Наталия СухининаВсегда боюсь давать советы. Дело это неблагодар­ное, а главное, бесполезное. Откуда я знаю, что делать? А если и есть какие-то рецепты, то где гарантия, что они не ошибочны? Растила она сына одна, может, разбаловала от жалости, может, по мягкости характера позволила вить из себя верёвки? Я бы на её месте... как легко представлять себя на чужом месте. Чужую беду руками разведу... Самый легкий, самый необременительный труд.

– Надо что-то делать! Он вынесет из дома всё, что нажила, он угрожает мне, один раз махал ножом пе­ред моим лицом. Страшный, злой, пьяный...

– Таня, он крещёный у тебя?

– Только, пожалуйста, не говори мне – молись! Я, конечно, понимаю, у вас, у верующих, от всех болез­ней одно лекарство. Да, заходила в церковь, свечки поставила, помолилась. И – никакого толку. Что делать?!

– Молись...

Ушла. Нет, не обиделась, просто разочаровалась. А я долго ещё сидела и вспоминала наш разговор. Да и вообще — вспоминала...

С мужем Татьяна рассталась рано, когда Андрей ещё в школу не ходил. Была она тоненькой, златокудрой, эффектной. Проблем с поклонниками не возника­ло, и текла себе жизнь в удовольствии молодости, в ко­торой обязательно будет завтра – благополучное, устроенное, надёжное. А завтра всё никак не наступа­ло. Поклонники появлялись и исчезали, а сын подрас­тал и всё больше и больше доставлял хлопот. Не хотел учиться, за неделю до выпускного вечера её вызвали в школу и пригрозили, что аттестат Андрею не дадут: четыре двойки, пусть пересдаёт осенью. А она уже купила себе путёвку в морской круиз и договорилась с мамой, которая жила в Калужской области, что Анд­рей побудет пока у неё.

Планы рушились, а так не хотелось... И она уладила проблему старым, испытанным способом – коньяк, конфеты, французские духи... Все мы люди, учителя тоже. Она рассказывала нам потом, что очень потратилась, но это лучше, чем все лето тор­чать в Москве, нанимать Андрею репетиторов.

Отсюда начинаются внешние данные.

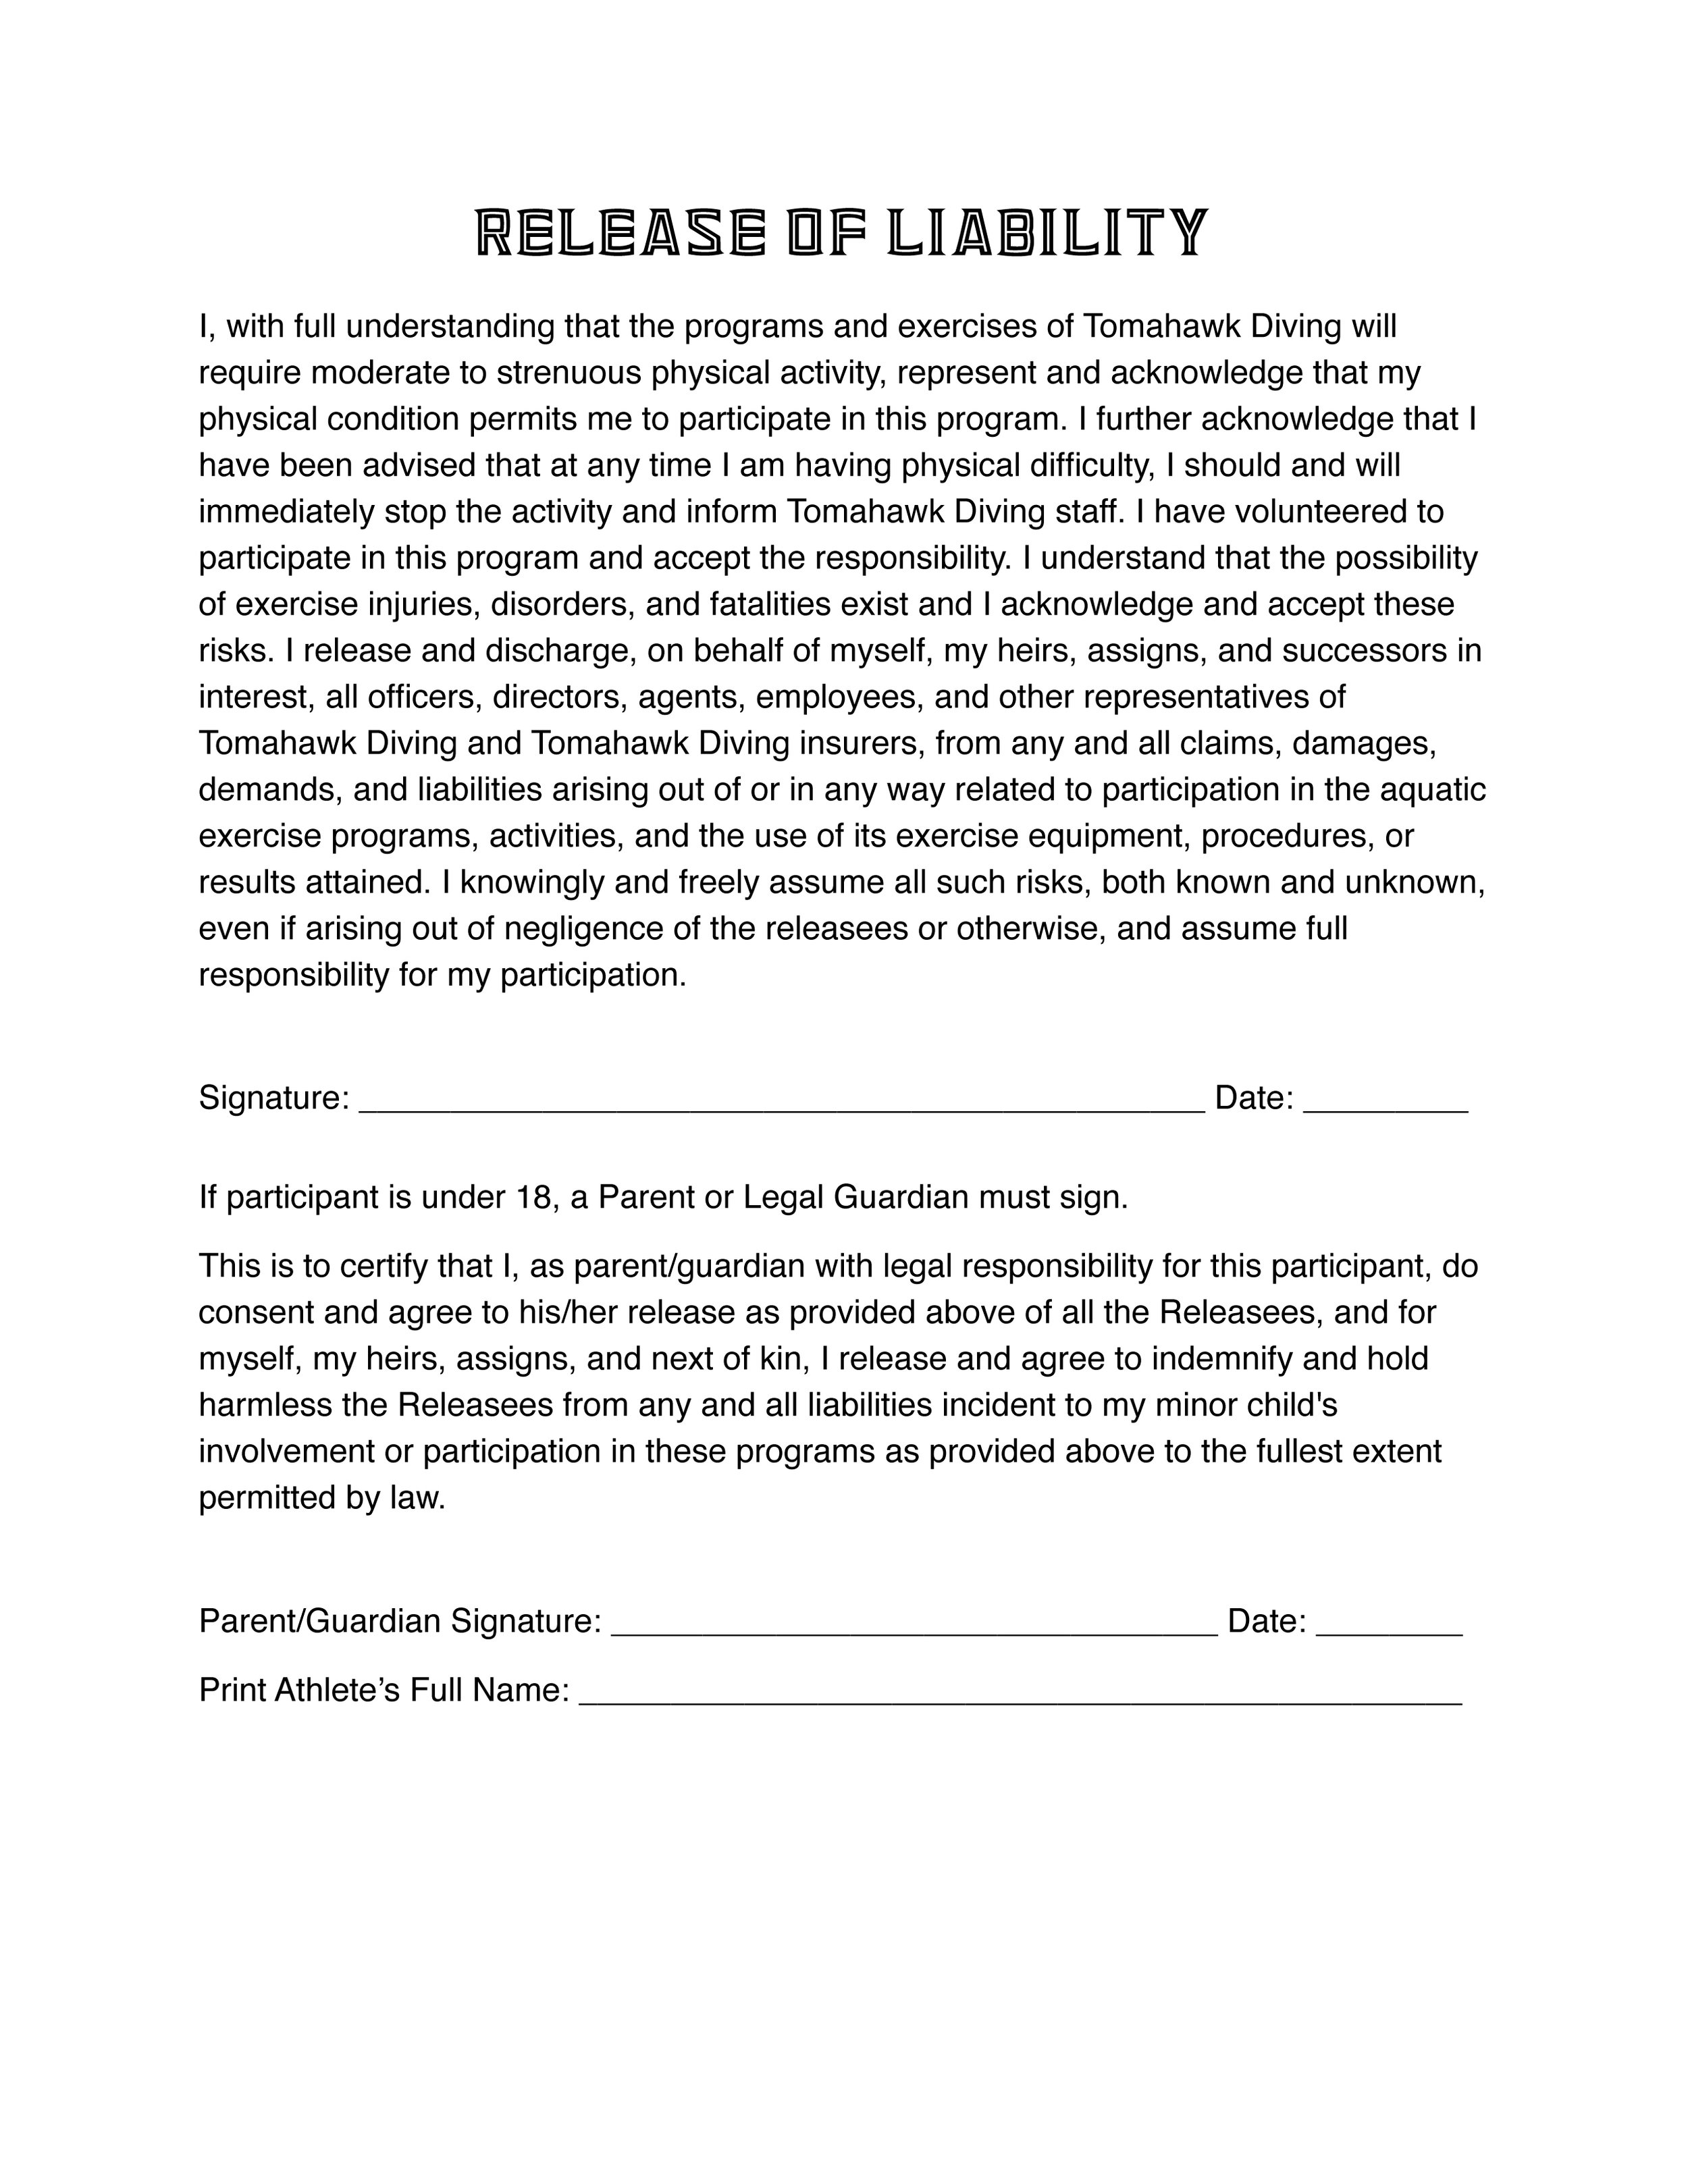 TD Waivers PDF-1.jpg

Он, конечно же, никуда не поступил. Таня устрои­ла его в нашу редакцию курьером. Один раз я видела, как она хлестала его по щекам, застав на лестнице с сигаретой. Через неделю он уже свободно покури­вал в её присутствии. Личная жизнь не налаживалась. Татьяна следила за собой, посещала косметические кабинеты, ходила в бассейн, справляла наряды. А Андрей требовал своё. Она устроила его в кафе груз­чиком, хоть сыт будет, но он и там не прижился – тя­жело. Сколько помню, Татьяна всегда говорила про сына с раздражением, он мешал, создавал проблемы, омрачал жизнь. Личную судьбу так и не устроила, а сына упустила. Без внимания, контроля и строгости он быстро начал набирать традиционные обороты вниз: стал выпивать, два раза попал в милицию.

Всё это я знала из её рассказов по телефону и толь­ко сегодня, после встречи с ней, поняла, как это серь­ёзно: Андрей пропадал. Пропадала и Таня.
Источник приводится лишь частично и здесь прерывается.